Он аккуратно уложил трубку, разделся и выдохнул.
– Всё! Хватит игр в «угадайку». Надо размораживать дело. Костомаров сделал лишнее. То, о чём я его не просил. Пусть ответит попутно и за то, и за это.
А меня он не сдаст. Не такой дурак он, чтобы не догадаться, что если продал меня, то, считай, похоронил и себя. Дальше кустанайской области попрошу Маловича его не этапировать. А в любой нашей зоне жить ему останется с гулькин хрен.
Он ещё посидел, глядя в окно. Потом перевел глаза на календарь.
– Ё-ё-ё-о-о! – воскликнул Данилкин, директор, от всей своей заботливой души.– Уж никак седьмое марта!

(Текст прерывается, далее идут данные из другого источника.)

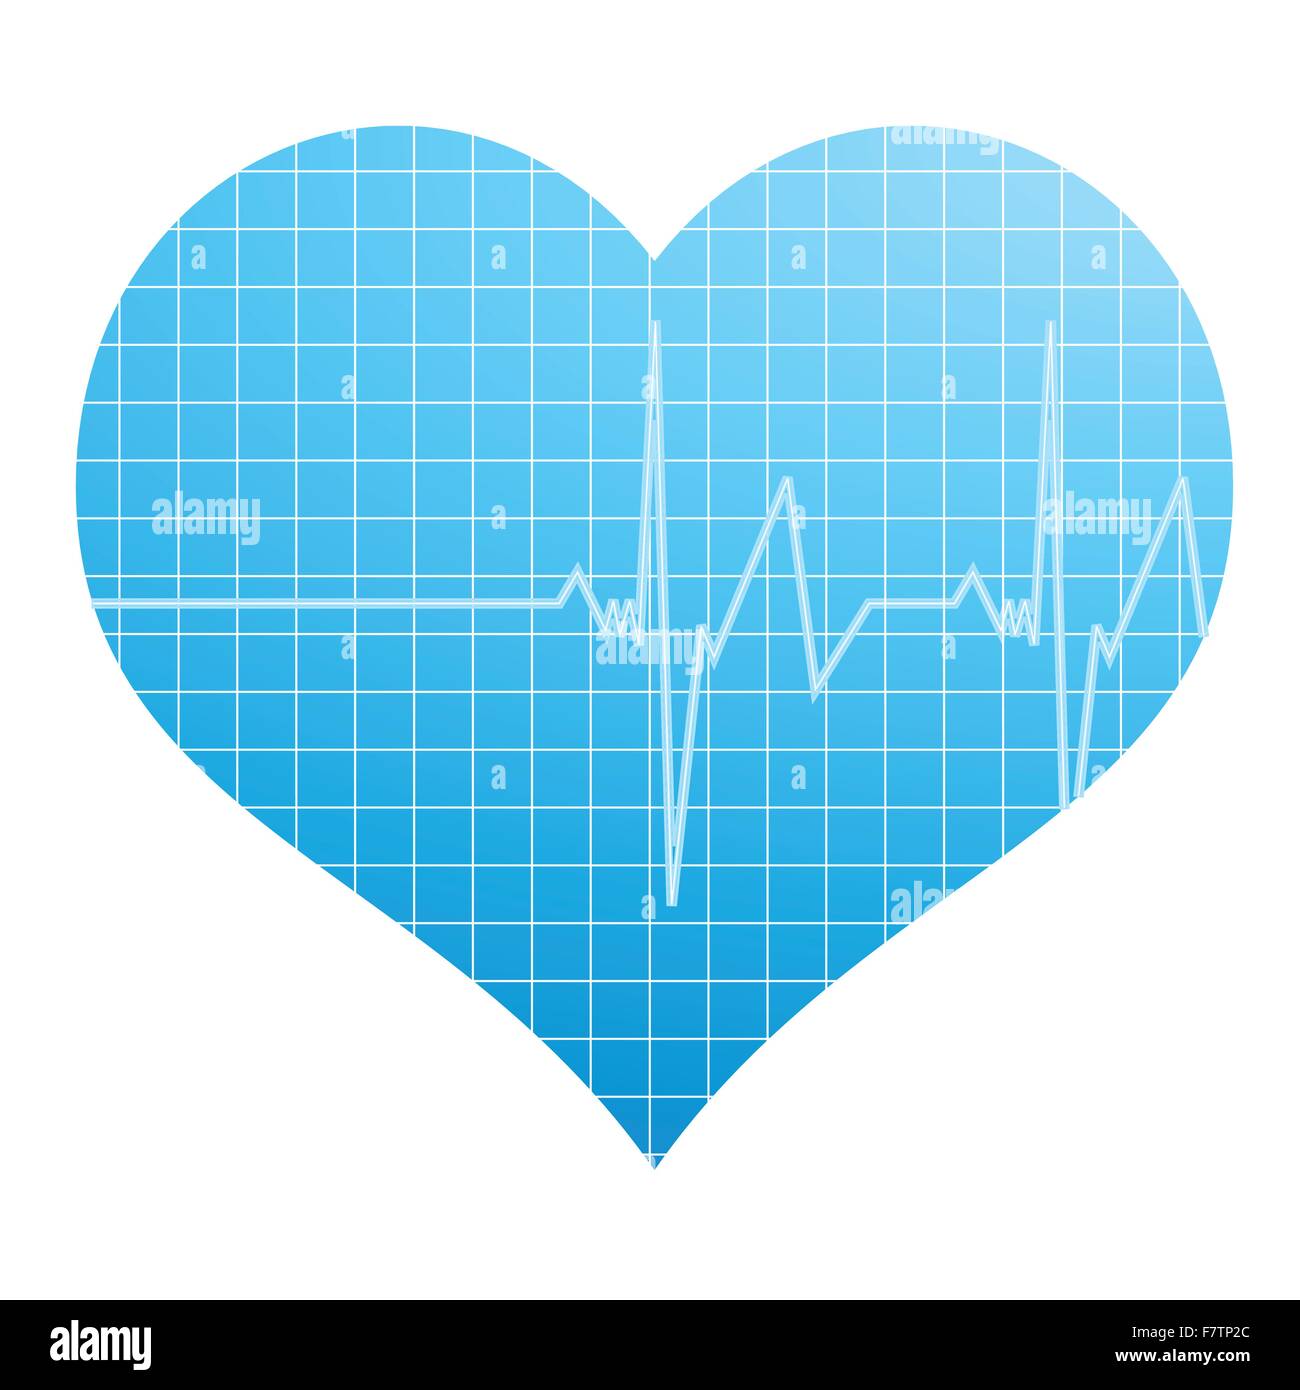 heart cardiogram Stock Vector

Завтра поздравление массовое и личное! Блин! Эй, кто там в коридоре есть?
– А я пока один ещё, – сунул голову в дверную щель Артемьев Игорёк. Николаева жду и Серёгу Чалого. Все подарки, торты и шампанское с тюльпанами тепличными мужики привезли вчера вечером. Начнем готовить всё в актовом зале.
– Давайте! – Данилкин потер руки.– Женщины, это ум, честь и совесть наша мужицкая. Не они бы – жариться нам всем в аду при жизни. Такие мы, мужики, недотыки. А женщины – это и Центральный комитет наш персональный, и Политбюро. Без их руководящей и направляющей роли таскала бы нас, дураков, жизнь по ветру, как солому по полям.

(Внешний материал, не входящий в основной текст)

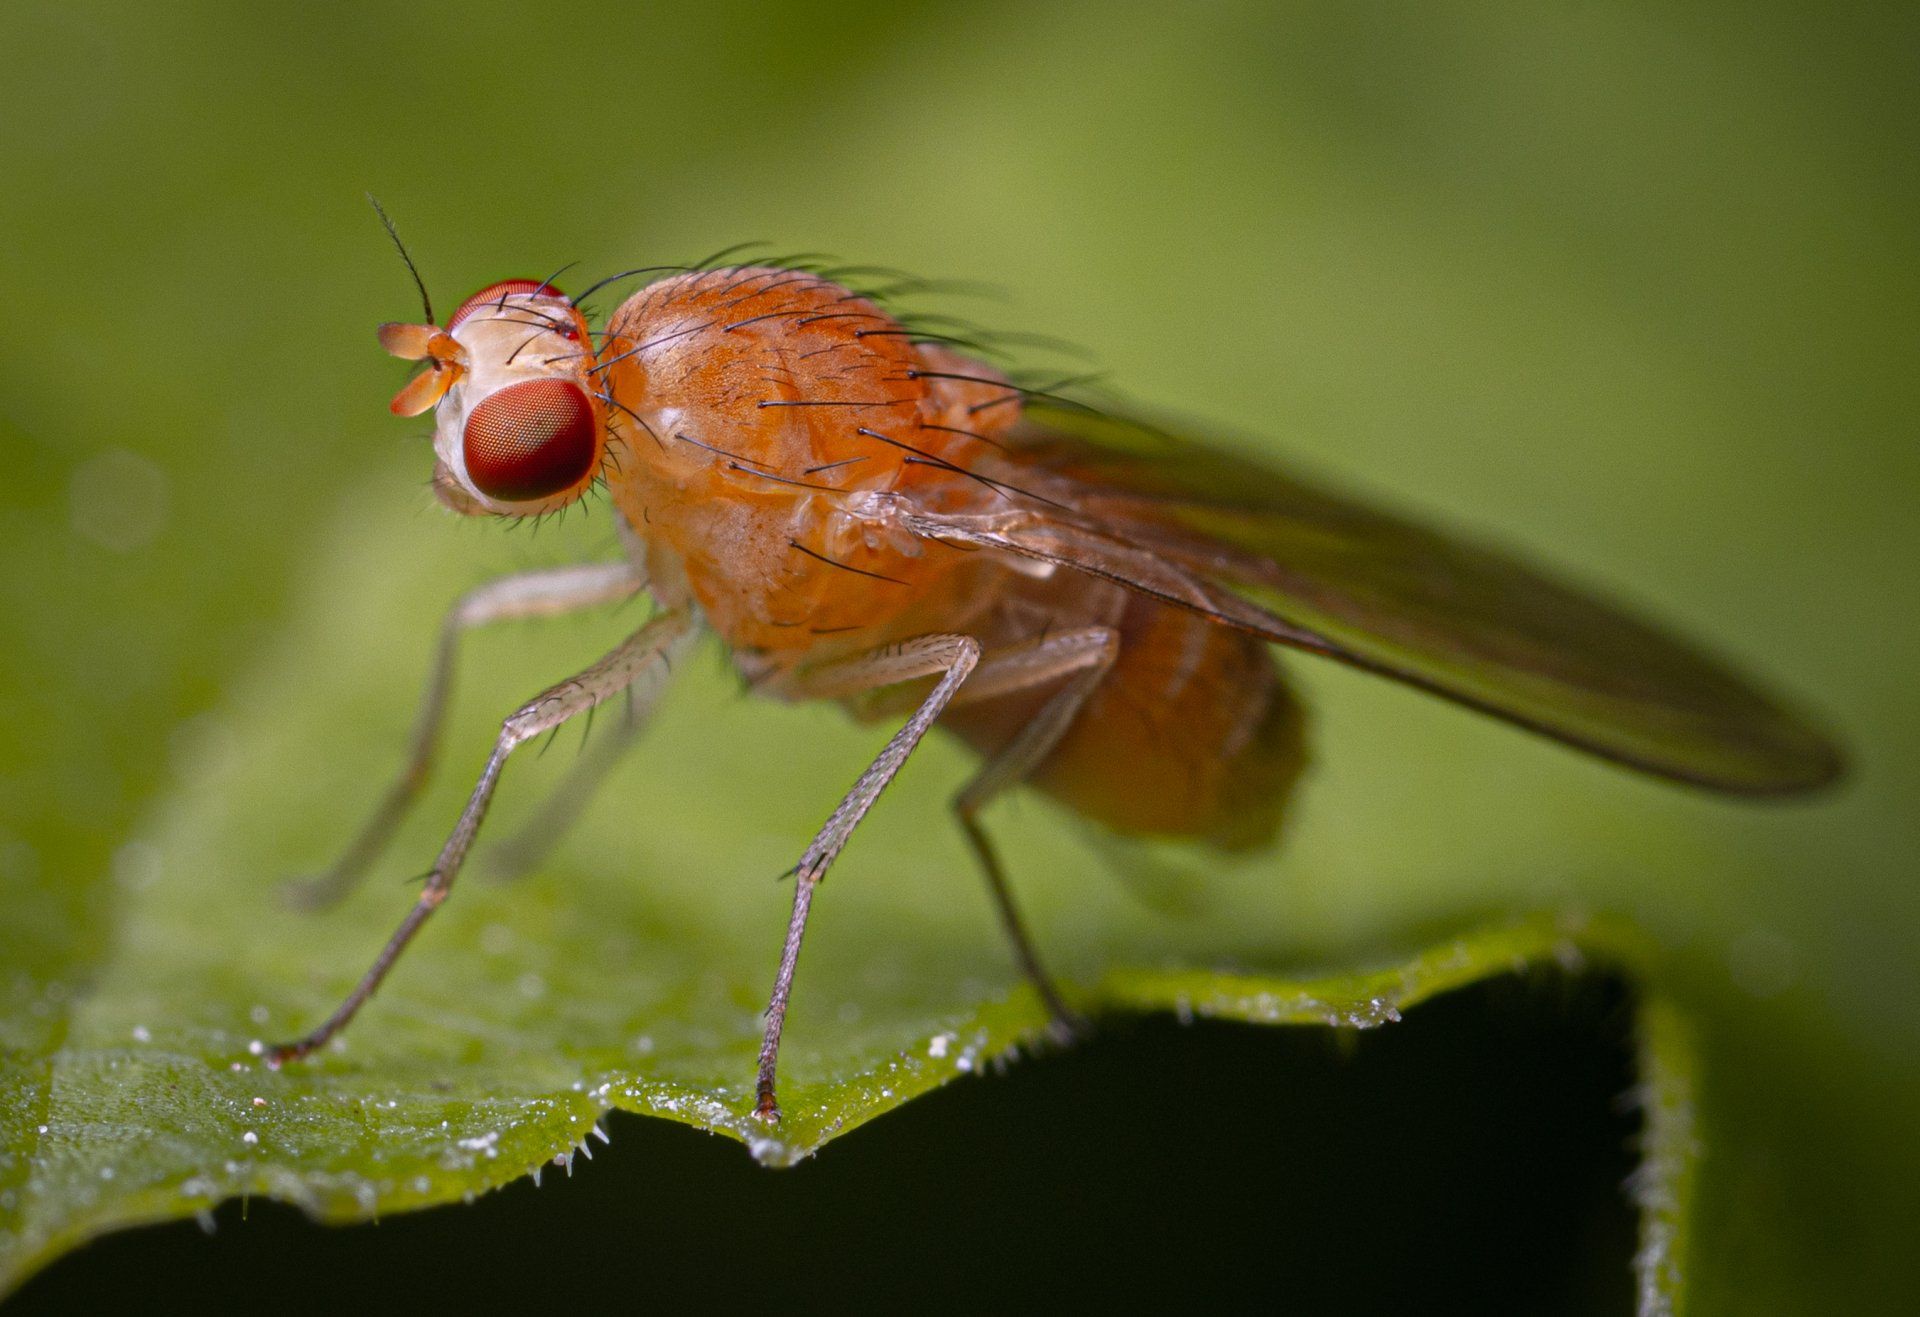 a fruit fly

Костомаров с трудом пытался проснуться в ленинской комнате. Шофер Василий Степанович под окнами масло доливал в «Волгу». Народ шел на рабочие места, а над корчагинским совхозом темно-розовое рассветное небо плавно превращалось в голубое. Прозрачное и светлое как, новый добрый день.
Глава одиннадцатая
***
Все имена, фамилии действующих лиц и названия населённых пунктов кроме города Кустаная изменены автором по этическим соображениям.
***
Никто до сих пор не смог толком объяснить феномен восьмого по счёту дня в марте. Ну, да, праздник это. Но сколько их у нас, этих праздников! И не один из многих, очень значительных и важных, даже собственный день рождения не уносит людей так далеко от обыкновенных реалий в волшебную эйфорию, в исступление чувственное и в частичный паралич мозгов. Дня за три до восьмого числа в любом населенном пункте начинает физически ощущаться перевозбужденность мужчин всех возрастов, дающих право держать в руках деньги. Мужики, юноши и мальчики в эти дни судорожно, хаотично и бессистемно перемещаются на повышенных скоростях по городам и весям, а из весей опять по городам, создавая вихревые потоки, лишний шум и очереди повсюду, где что-нибудь продаётся.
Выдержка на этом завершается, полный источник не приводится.